◆ Task brief: All of the data must be written out verbatim, with pictures excluded.

◆ Data block:
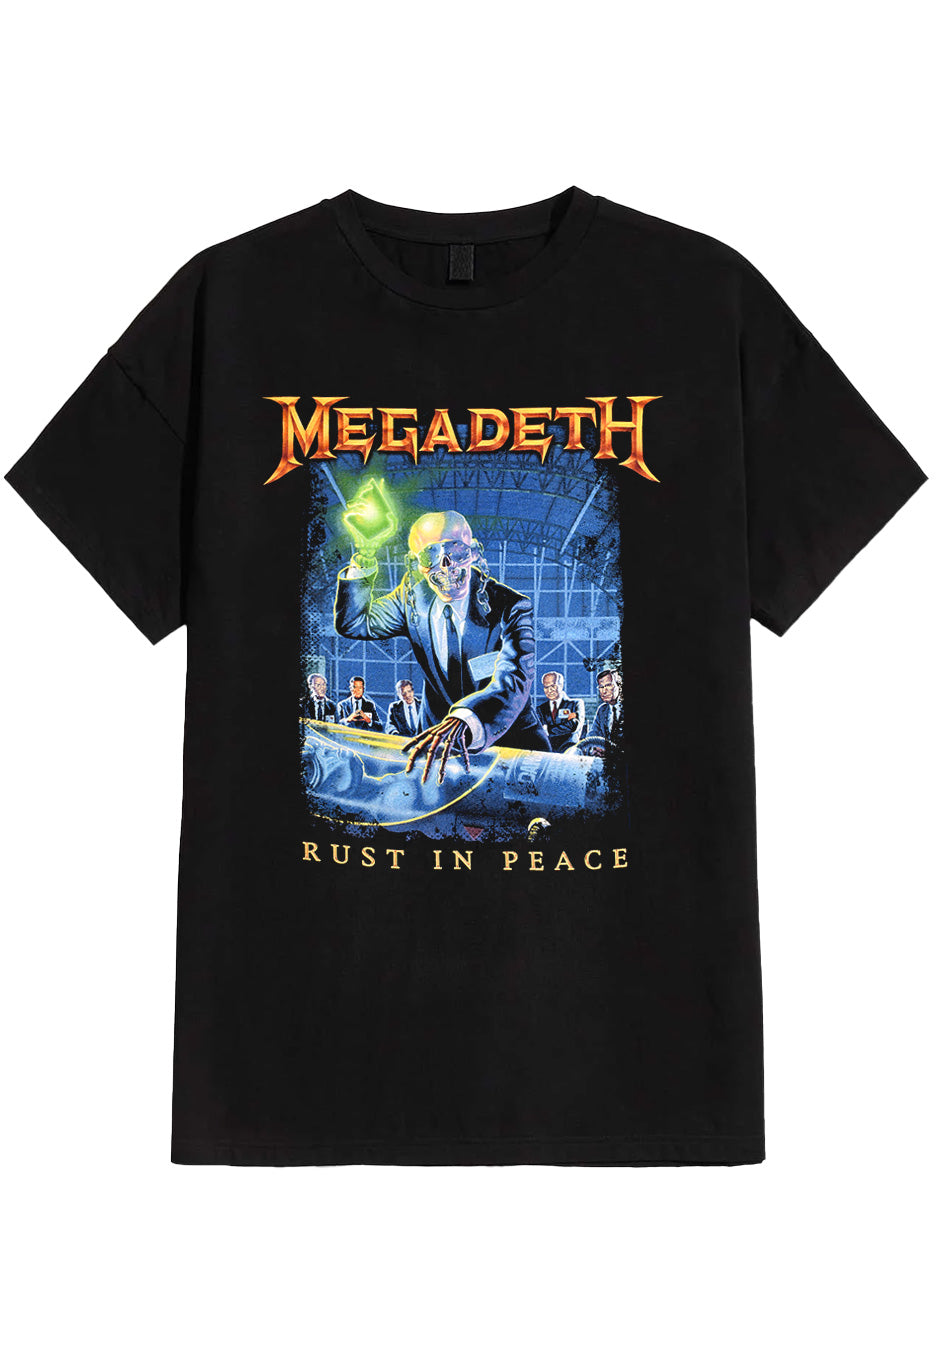 Megadeth - Rust In Peace - T-Shirt
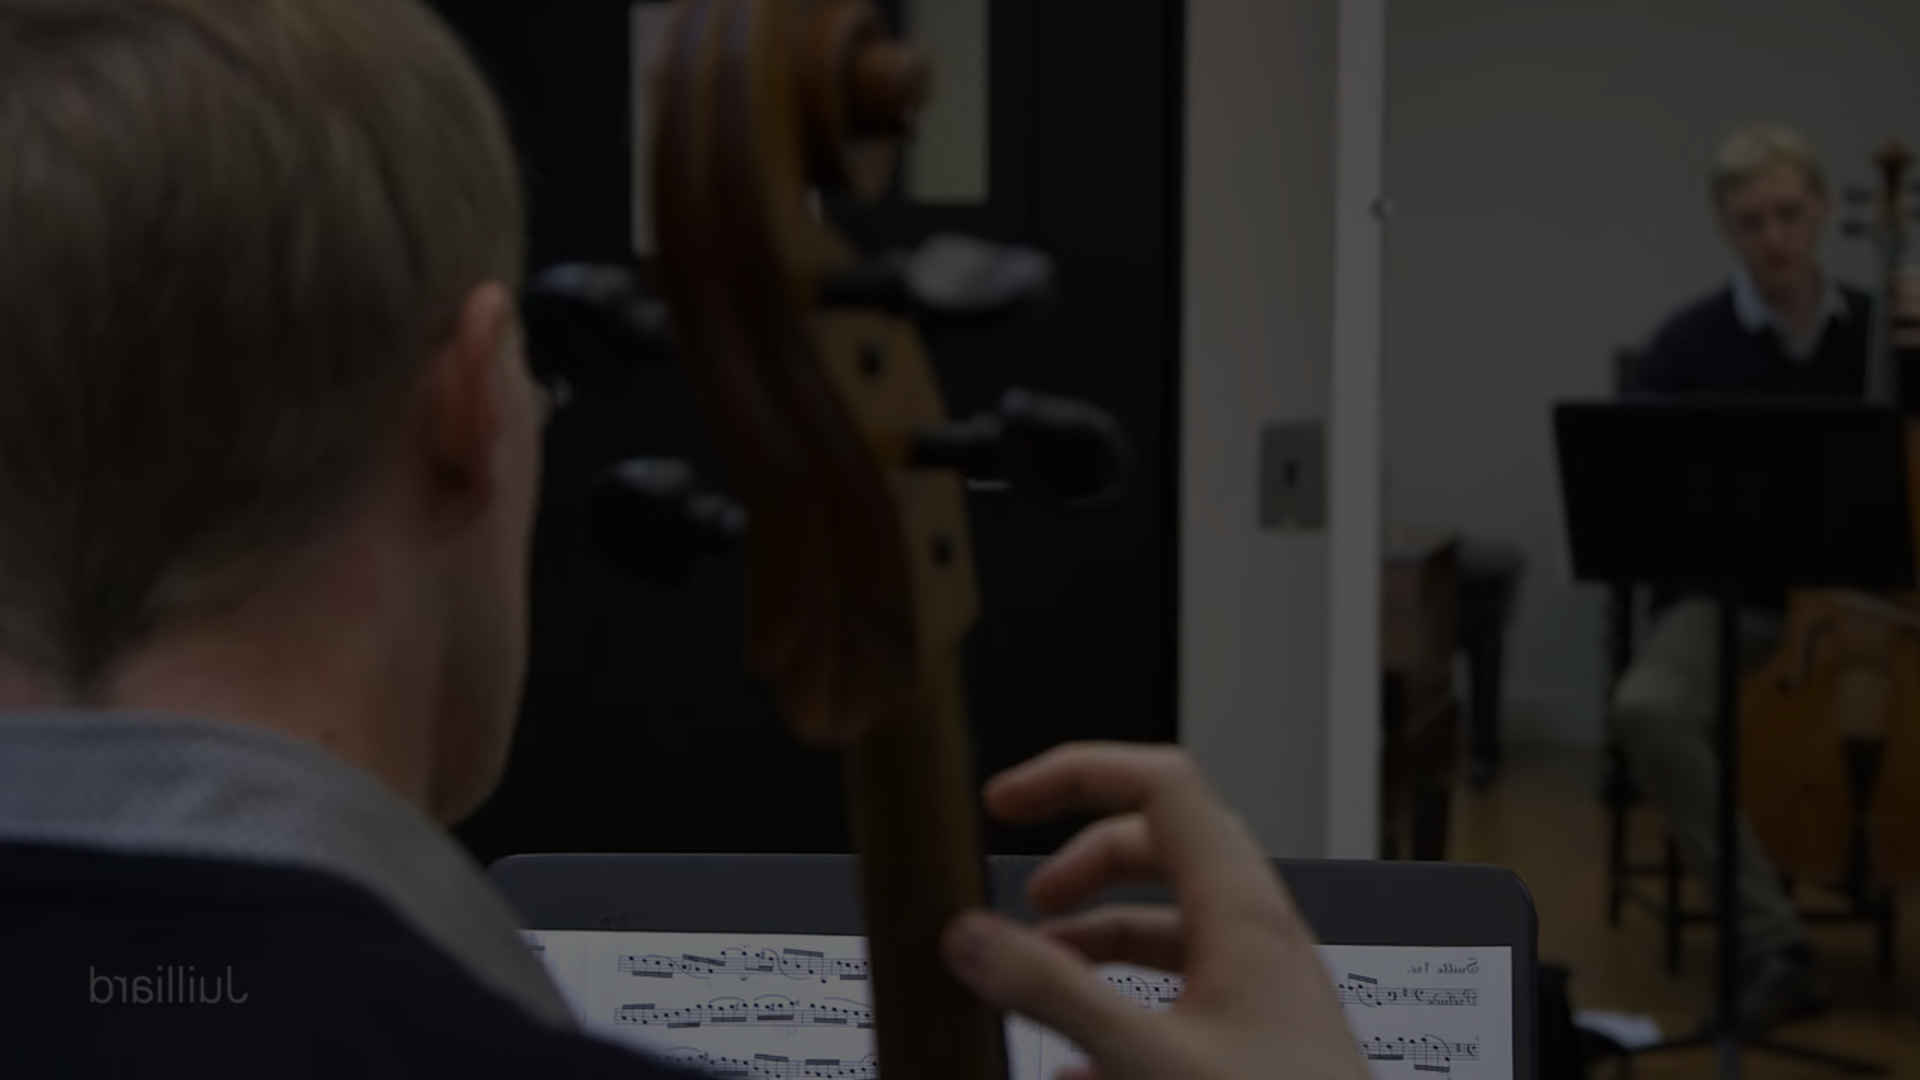 Video feature on a day in the life of Juilliard 历史性能 student Alex和er Nicholls
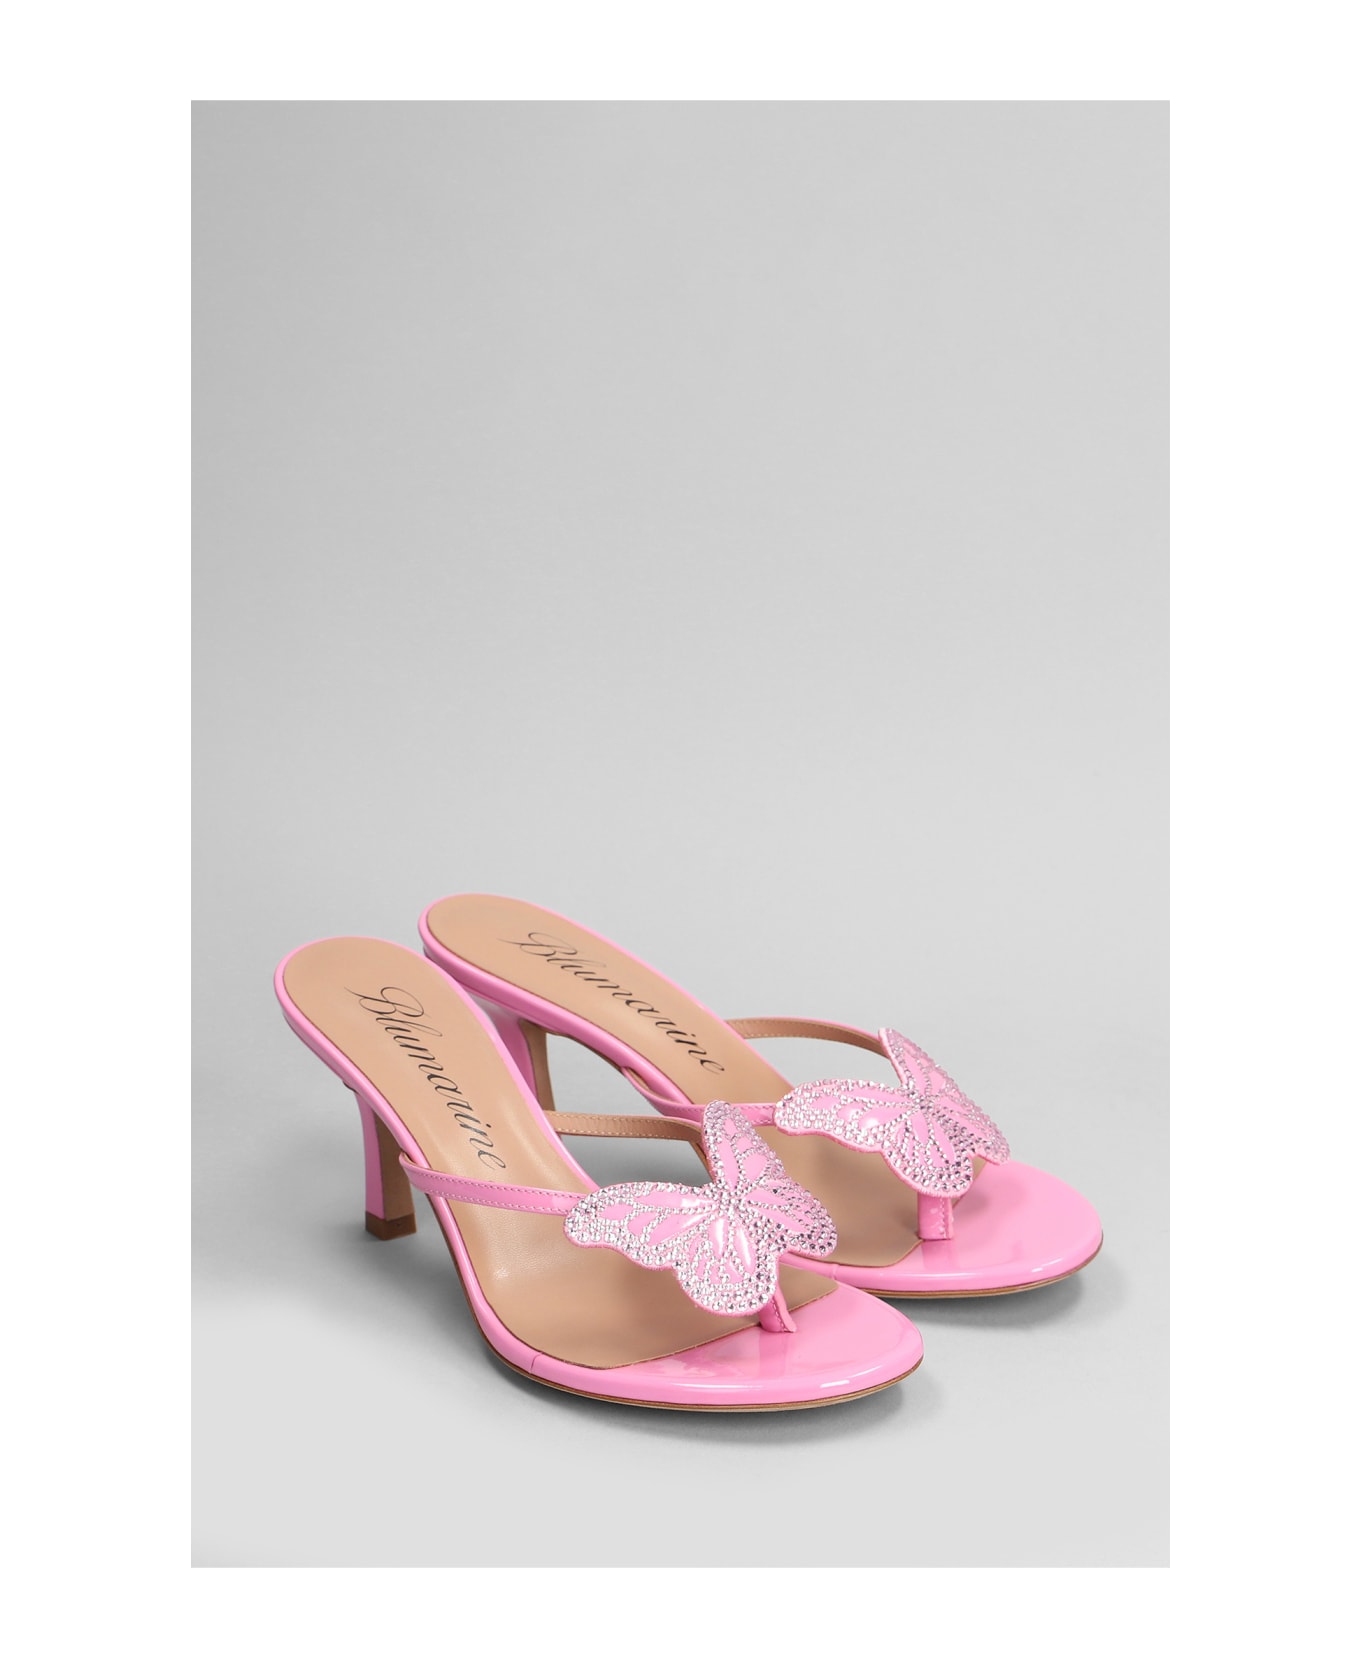 Blumarine Butterfly Slipper-mule In Rose-pink Patent Leather - rose-pink
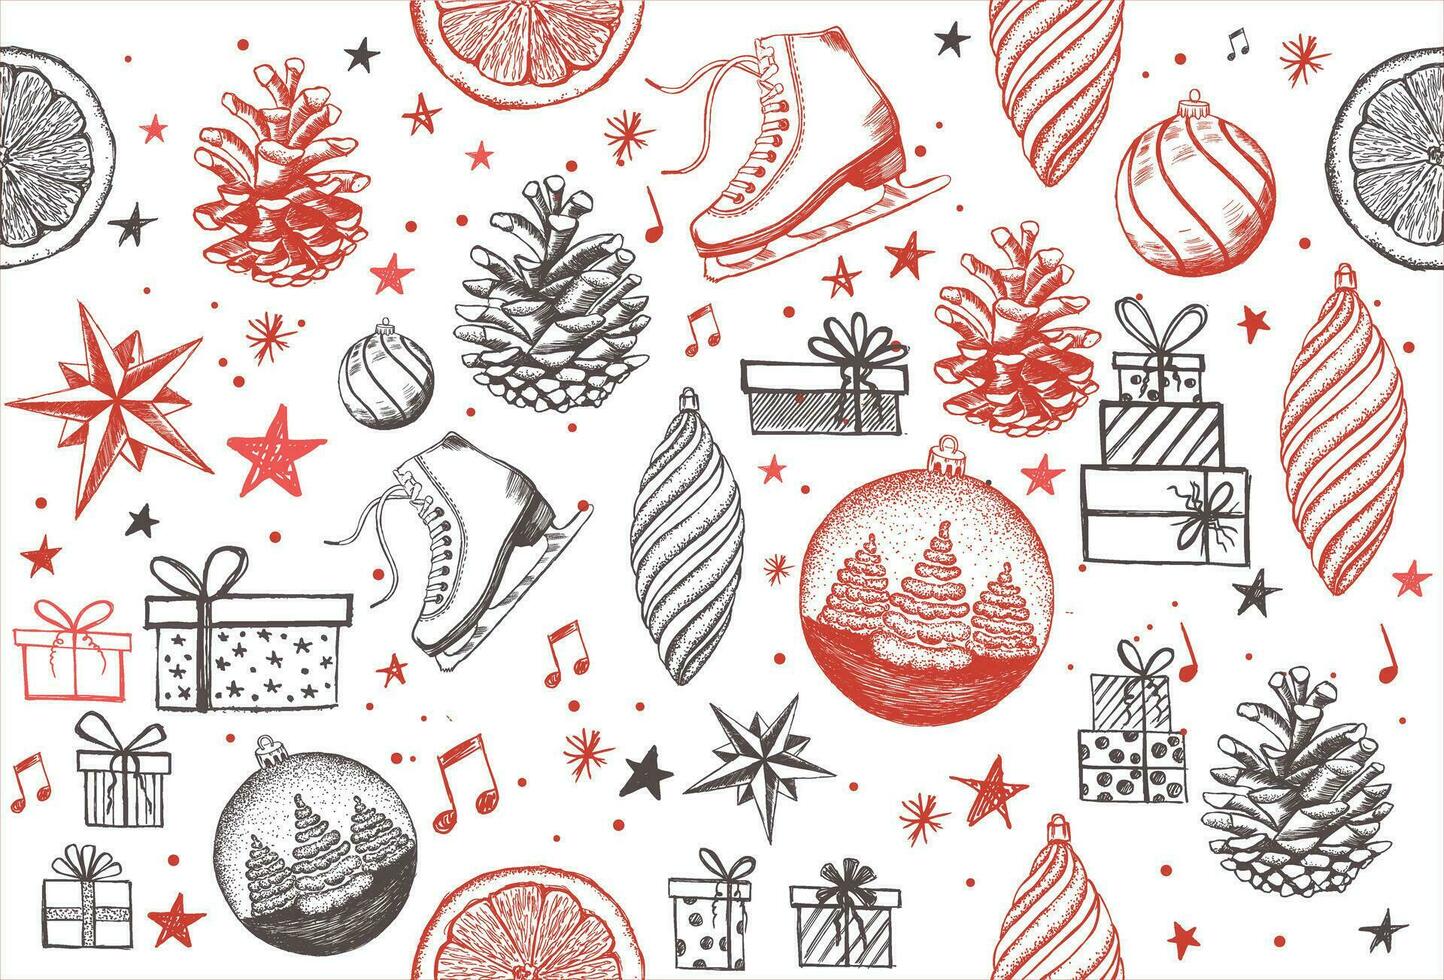 Christmas decorative elements like snow globe, gift box, decorative stars, tree wood, ski shoes, music note and many more for multiple use seamless pattern vector

◆ Result of the exercise:
 Megadeth - Rust In Peace - T-Shirt
 Video feature on a day in the life of Juilliard 历史性能 student Alex和er Nicholls
 Blumarine Butterfly Slipper-mule In Rose-pink Patent Leather - rose-pink
 Christmas decorative elements like snow globe, gift box, decorative stars, tree wood, ski shoes, music note and many more for multiple use seamless pattern vector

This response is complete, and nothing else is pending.